6. A watch that retails for over 5,000 dollars should have a quick release buckle on the straps.

On the positive side :-!
1. It looks good and feels like a substantial quality watch. 
2. It's a good tool for those of us that need to keep track of multiple time zones.


----------



## chronoguy (Dec 13, 2008)

You sound like you know Glycine's and I could use you help. Can you tell me if this looks like an authentic Altus Chrono (this model 3827 is supposed to contain the Valjoux 7751 movement)? Or is it just a good fake. I just bought it from ebay.

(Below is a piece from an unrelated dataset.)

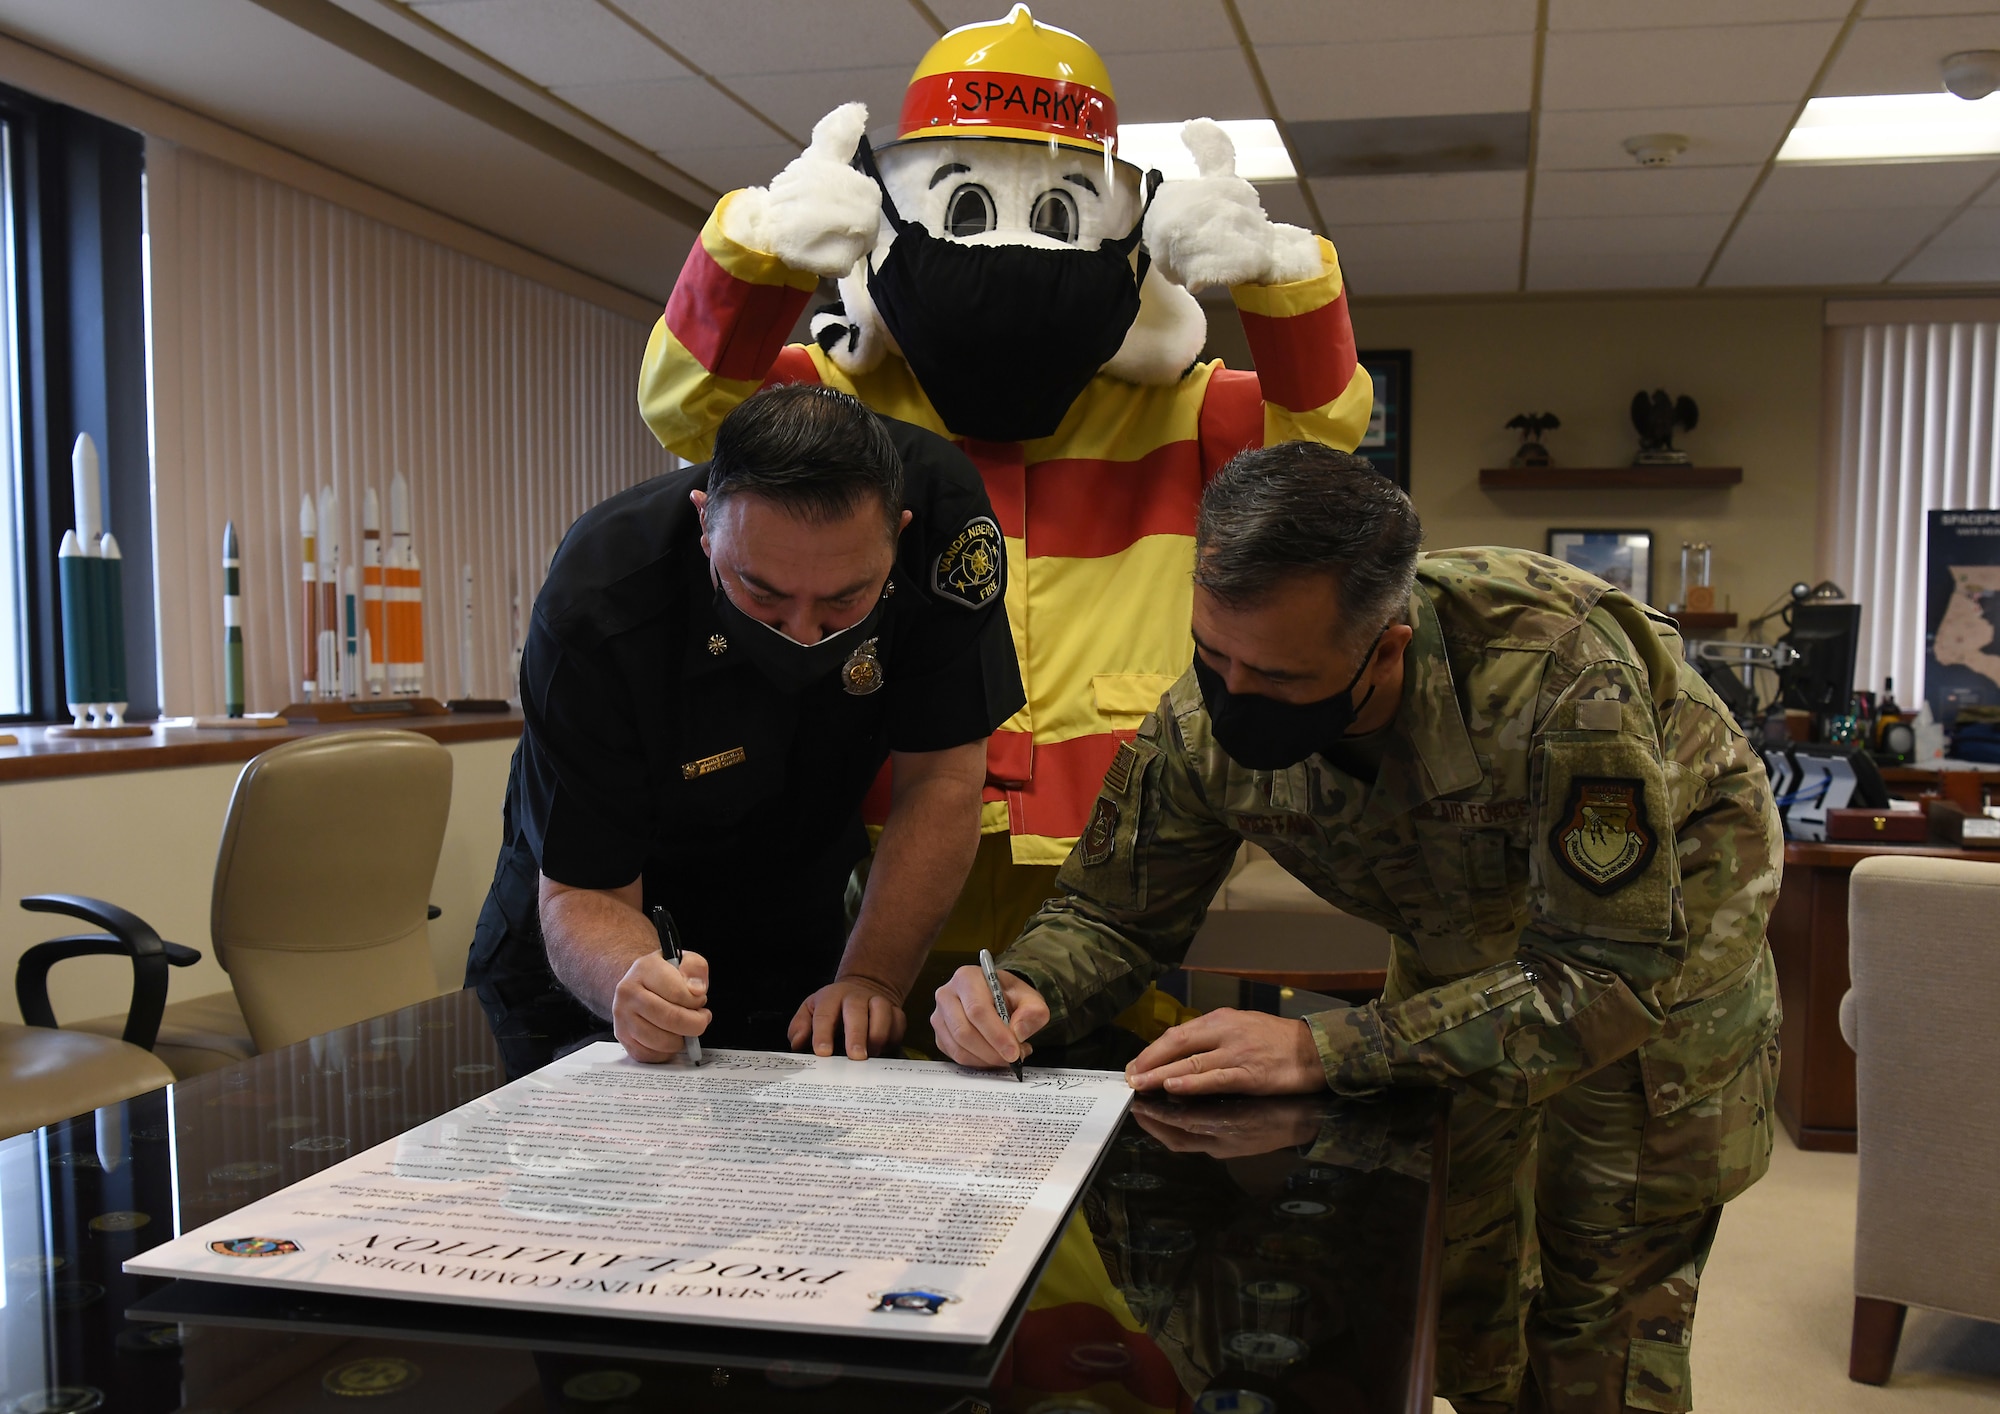 Col. Anthony Mastalir, 30th Space Wing commander, and Mark Farias, 30th Civil Engineer Squadron fire chief, sign the 2020 Fire Proclamation with Sparky the Fire Dog Oct. 5, 2020, at Vandenberg Air Force Base, Calif.

2nd, if it look real, can you explain why I am having the following problems: 
1. my Day Register can be off by several hours, i.e. changing at 6pm instead of midnight, or missing by a day
2. my moon phase hasn't moved in 7 days
3. the stopwatch will stop the second+minute hands, but sometimes the hour hand keeps tracking the elapsed time! 
Meanwhile, it keeps good time and the Date and GMT display correctly. Can it need lubrication, or does it sound like a fake or unrepairable movement?

I am frustrated and appreciate the help--Thank you.


----------



## JohnT (Apr 30, 2005)

chronoguy said:


> You sound like you know Glycine's and I could use you help. Can you tell me if this looks like an authentic Altus Chrono (this model 3827 is supposed to contain the Valjoux 7751 movement)? Or is it just a good fake. I just bought it from ebay.
> 
> 2nd, if it look real, can you explain why I am having the following problems:
> 1. my Day Register can be off by several hours, i.e. changing at 6pm instead of midnight, or missing by a day
> ...


It looks genuine but sounds as if you have some problems. They won't be irrepairable but will obviously cost you to get them fixed. If you cant get your money back then a good watch repairer or sending it to Glycine will sort it out.

And welcome to the foum even though it is a tale of woe!


----------